It has been a challenging year for American aerospace company Boeing, leaving its CEO, Kelly Ortberg, with the critical job of healing Boeing’s broken culture. Yet, while the company shifts to improving the plane maker’s employee relations and corporate culture, this improvement could be a years-long process.
According to the Seattle Times, Ortberg took a positive step last Thursday when the company announced that it would reimburse furloughed workers for lost pay during the labor strike that began on September 13 and lasted more than 50 days.
However, this pay is solely for Boeing workers who were asked not to come to work due to the strike; it is not for workers who were actively on strike, as striking workers received their form of backpay in the form of a $12,000 signing bonus for agreeing to their new four-year labor deal.
Boeing confirmed the report, referring to Barron’s furlough comments in September, shortly after employees went on strike. Yet, the company has declined to state how many employees were impacted or how much money this decision represents.
However, according to Wall Street estimates, this cost can be estimated using a reasonable starting point of what striking workers lost during the strike, which is roughly $11,000 in regular pay.
The company has approximately 170,000 employees worldwide, so estimating the number of furloughed workers is more challenging. About 130,000 employees are in the US, and about 33,000 went on strike. If 10% or 20% of the remainder are furloughed workers, then Boeing could reimburse roughly $165 million in wages.
This number is a ballpark figure but only secondary compared to what the payments represent.

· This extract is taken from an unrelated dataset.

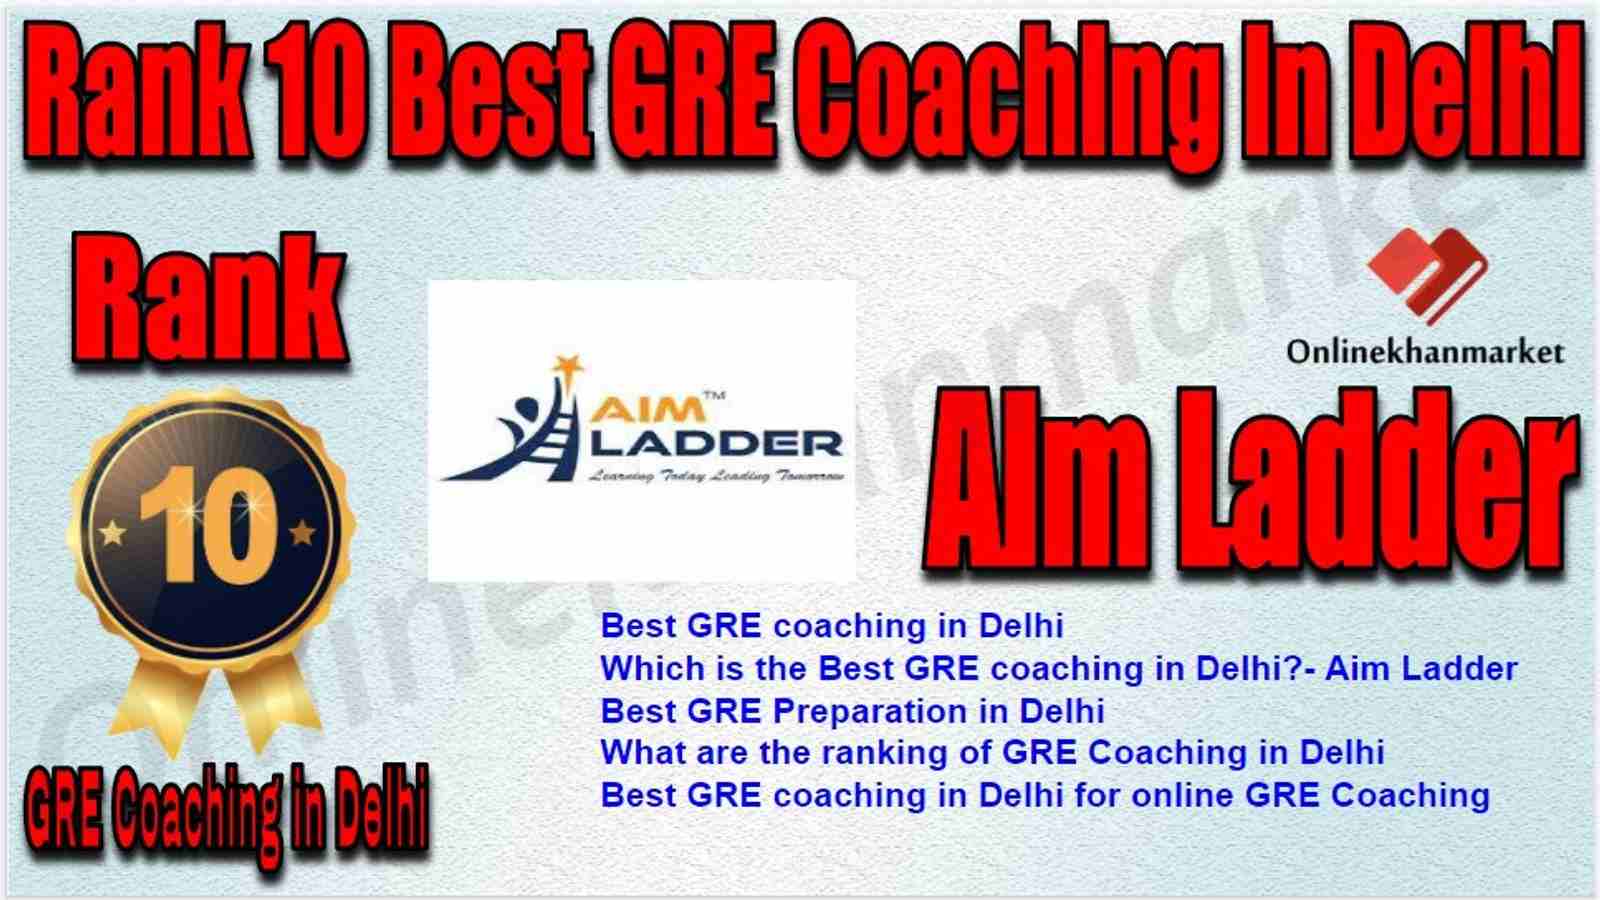 Rank 10 Best GRE Coaching in Delhi

Moving Forward After the Strike
September’s labor strike illuminated the divides between employees and management, highlighting the division’s growth after decisions about plane design, manufacturing locations, headquarters locations, organizational structure, leadership changes, and more.

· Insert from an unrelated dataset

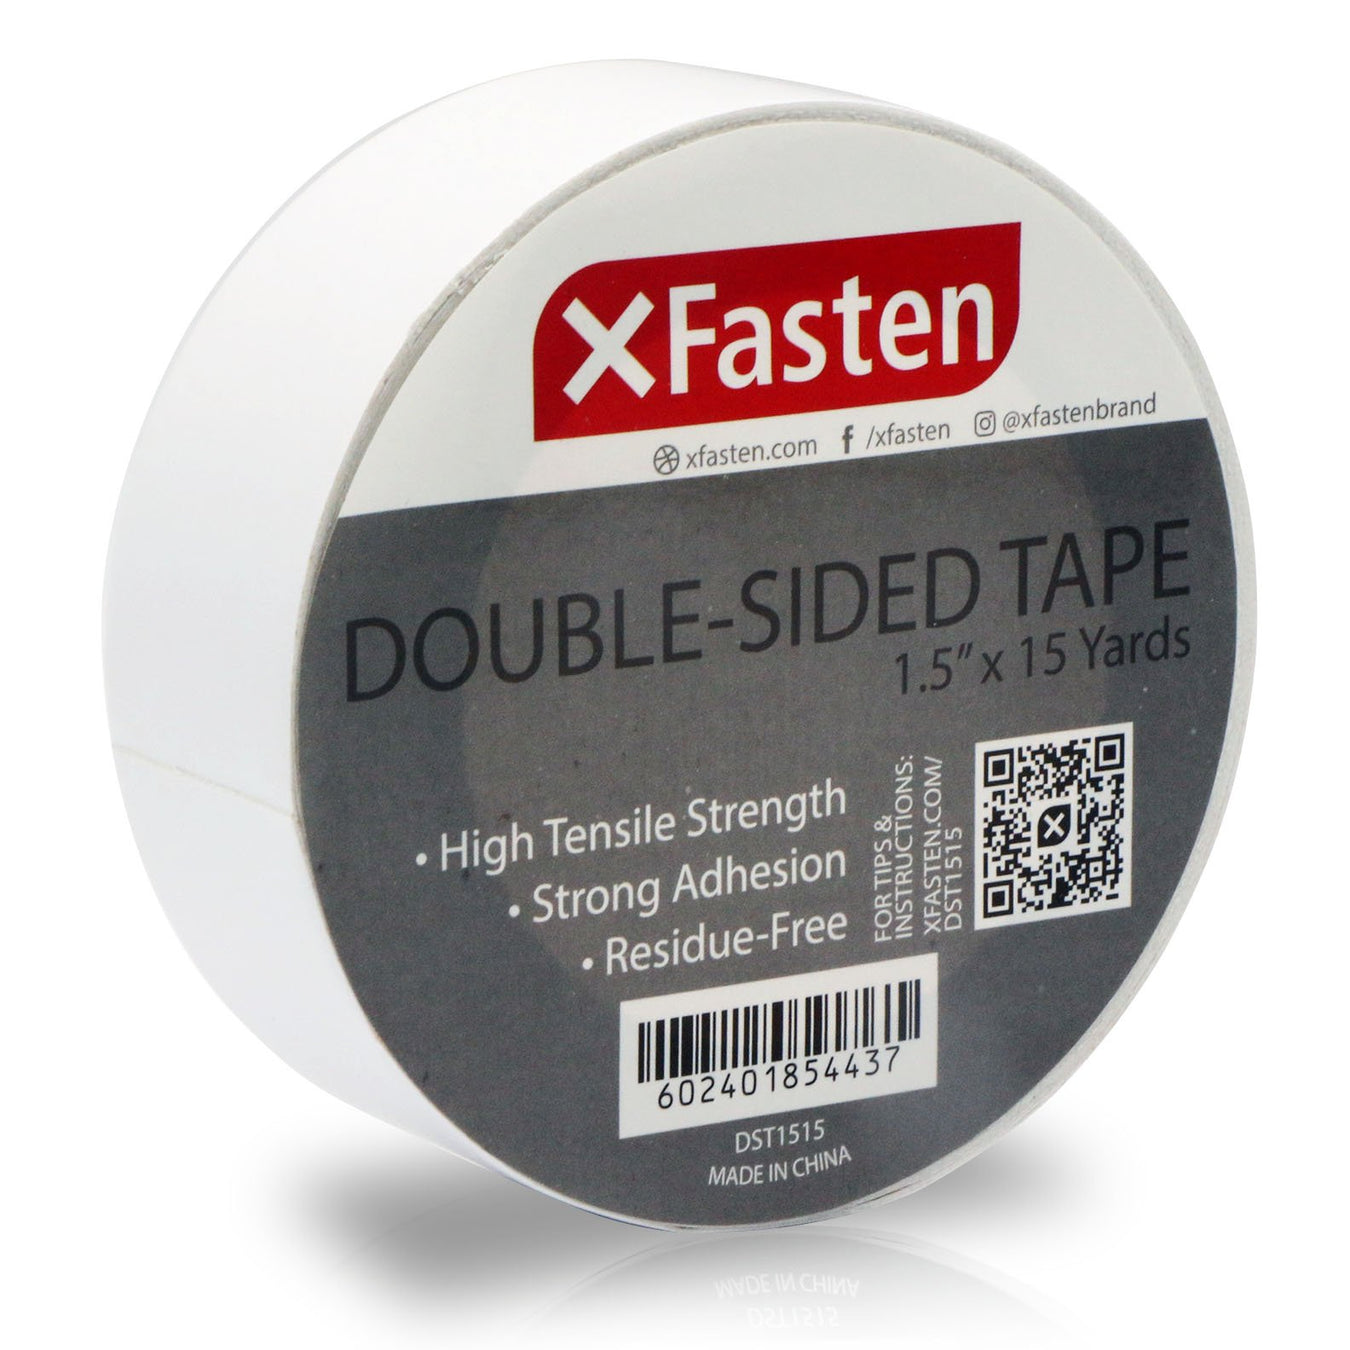 Double Sided Tape - XFasten

The company’s decision to reimburse furloughed workers shows that Ortberg understands the value of workplace culture in creating a turnaround for Boeing.

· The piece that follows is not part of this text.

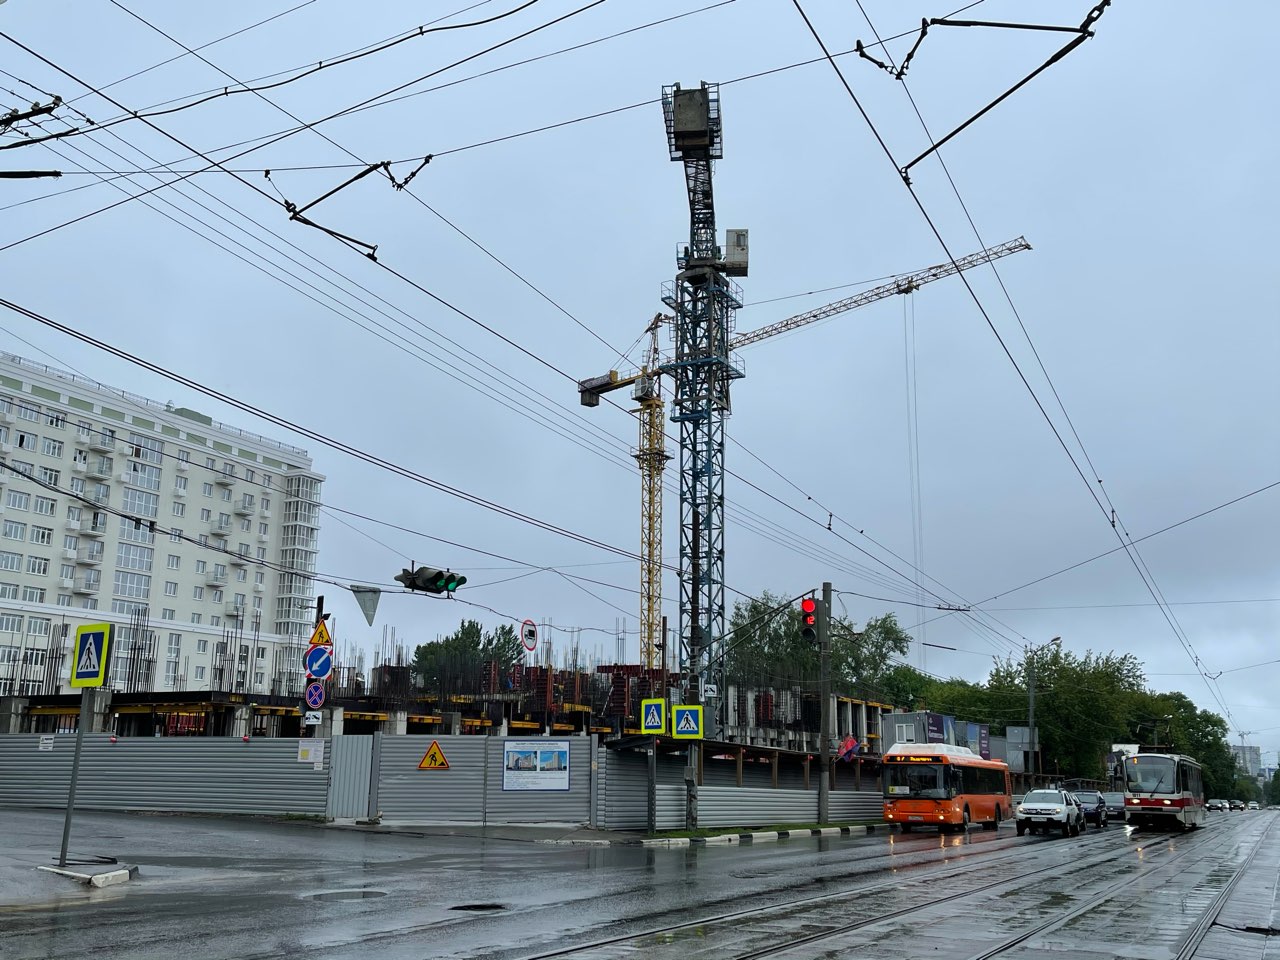 Нижний Новгород планируют перевести на экологичный общественный транспорт - фото 1

“First, we need a fundamental culture change in the company; second, we must stabilize the business; third, we need to improve our execution discipline on new platform commitments across the company; and fourth, while doing the first three, we must build a new future for Boeing,” said Ortberg on the company’s third-quarter earnings conference call in October.
To help Boeing’s turnaround, Ortberg stated, “Arguably the most important, [is] changing the culture at Boeing … I spent the last two decades working with Boeing in the supply chain…that experience, combined now with seeing things from the inside the company, has helped provide an informed view of some of the actions we need to take.”
The reimbursement of lost pay may not completely fix workplace culture, but it represents a step in the right direction to address some of the struggles workers feel through no fault.
Unfortunately, the decision to reimburse furloughed workers doesn’t change Ortberg’s decision to lay off roughly 17,000 employees worldwide. The CEO said the company needs to get on a more stable financial footing to preserve its future, which means lowering costs.
Struggles Ahead
Last Friday, while Boeing saw its stock down earlier in the day, by midday trading, after Bloomberg reported the company may sell its Jeppesen navigation business, there was an uptick in shares. This was reported in the Boeing services segment, which generated third-quarter sales of $4.9 billion and an operating profit of $834 million.
Shares closed up 0.5% on Friday at $151.68, while the S&P 500 and Dow Jones Industrial Average were up 0.4% and 0.6%, respectively.